Spark Streaming and the Internet of Things

This is a past event

174 people went

Location image of event venue


Spark Streaming and the Internet of Things

The Internet of Things (IoT) is connecting billions of devices. This talk shares how to use the Apache Spark ecosystem to harness IoT data to build practical solutions: Spark Streaming for near-real-time ingestion and complex event processing, SparkSQL for analytics and feature extraction for machine learning. All tied to results that save companies millions of dollars by preventing theft, identifying waste and using predictive analytics to improve efficiency.

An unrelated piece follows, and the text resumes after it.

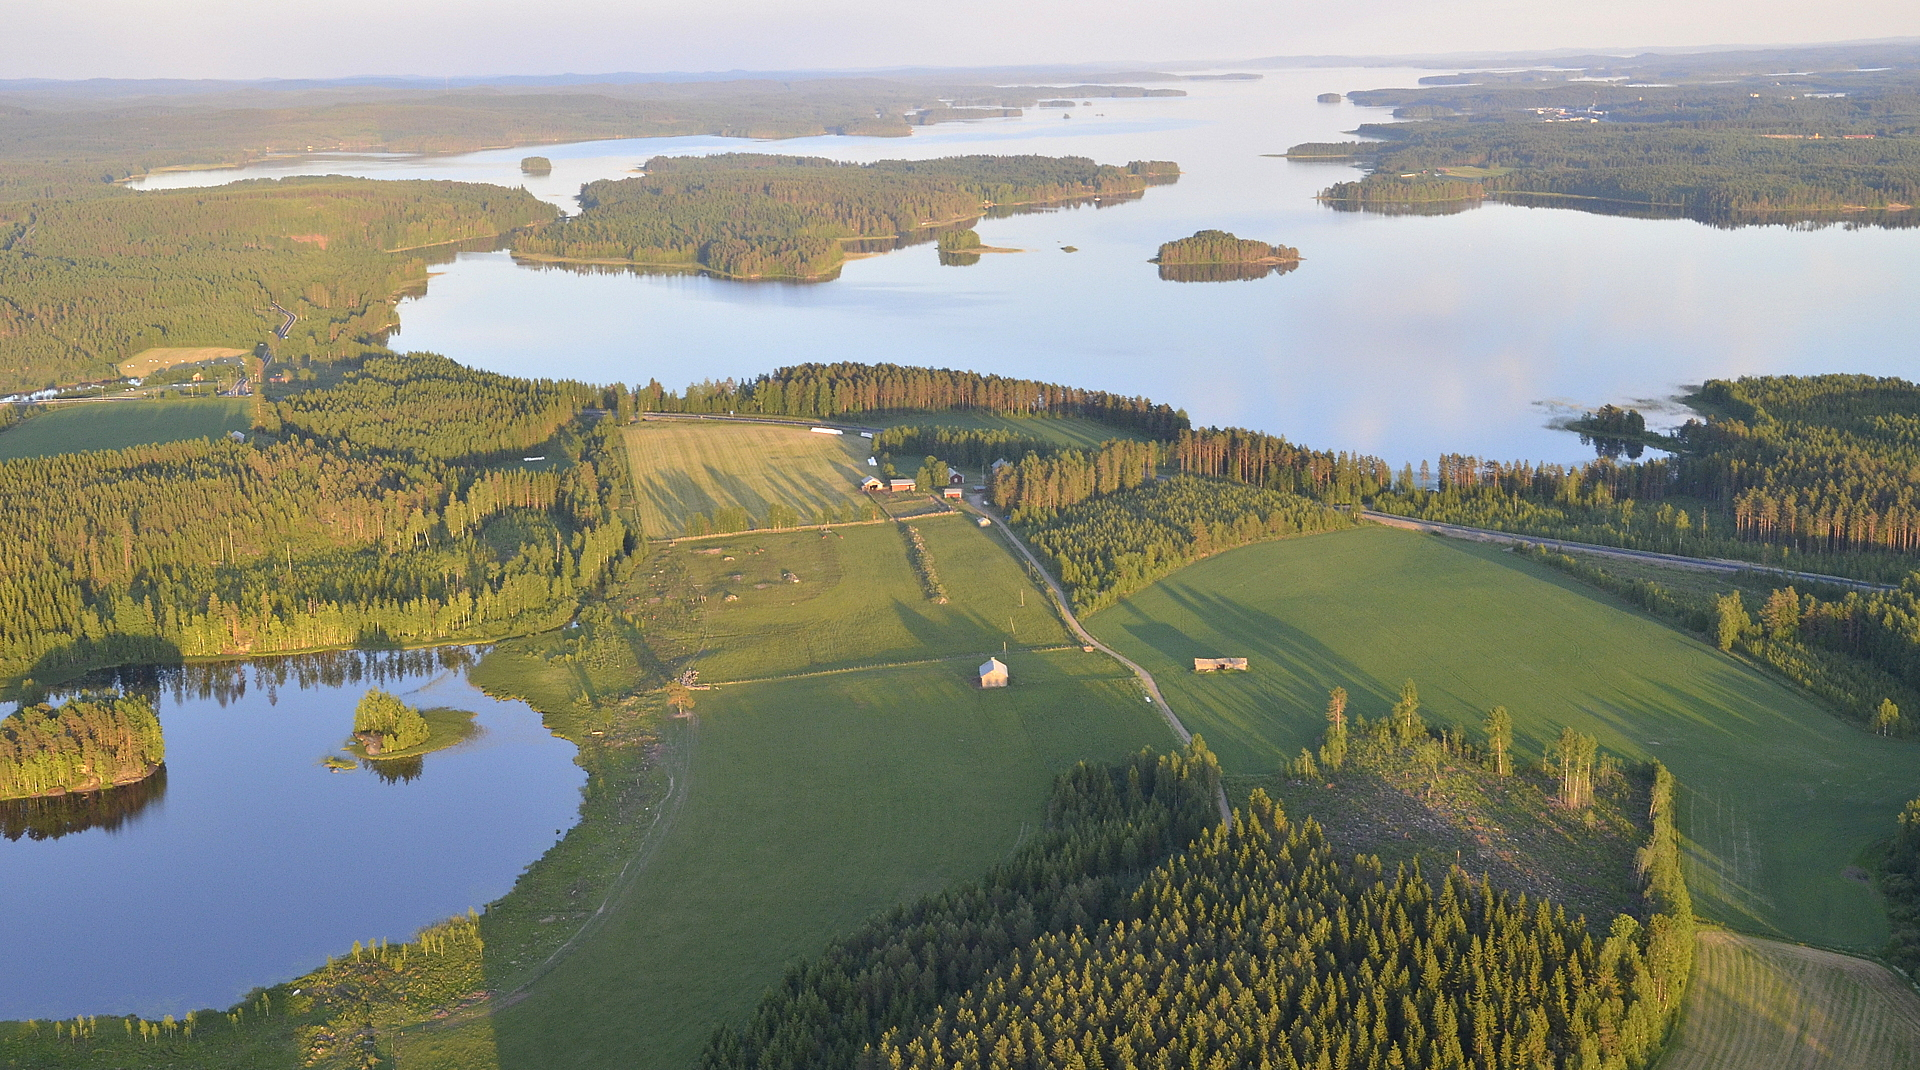 Piolampi vasemmalla, edessä Muikunlahti ja Niemelä. 9.7.2017

We’ll share lessons learned from using Spark, Kafka, Cassandra, Hadoop and Parquet in 24x7, always-on environments for over two years, to process data from billions of dollars of “things in motion”. Examples include: managing ingestion of highly heterogeneous data flows, real-time cleansing of streaming data sets, solving the “small files” problem or streaming analytics, and true savings obtained combining technologies like Apache Parquet with SparkSQL.


Jim Haughwout

Chief Architect and VP of Software at Savi Technology

Jim’s passion is using data to enable people to discover new items of interest, do things they have never been able to do before and overcome unsolvable problems. He has several open and classified patents in real-time analytics and has briefed regulators on the use of real-time data to produce beneficial analytic outcomes. For the last decade, he has been leading technology and software at various startups in the Boston, London and US Southeast ecosystems. Before that he led Architecture & Core Systems at AOL and Enterprise Technology Programs at Amgen. He is a graduate of MIT and Harvard University.

Anderson Osagie

Sr. Big Data Engineer/Architect and MetiStream Spark Trainer

Anderson has a successful track record of implementing Big Data projects and has specifically deployed many Spark solutions into production. He is a streaming expert who understands the end-to-end data pipeline and the nuances of batch and streaming integration. He has written and administered Spark jobs processing over ~10TB/day of streaming security data. His expertise includes Kafka, Spark and other Hadoop and NoSQL technologies. As a MetiStream Spark instructor, Anderson has trained hundreds of students on advanced topics of Spark. He is a Databricks Certified Spark Developer, holds a Masters in Computer and Information Technology from University of Pennsylvania and B.S. in Information Systems from University of Maryland and B.S. in Aerospace Engineering from Pennsylvania State University. Anderson started coding at a young age and is fluent in many languages including Scala, Java and Python.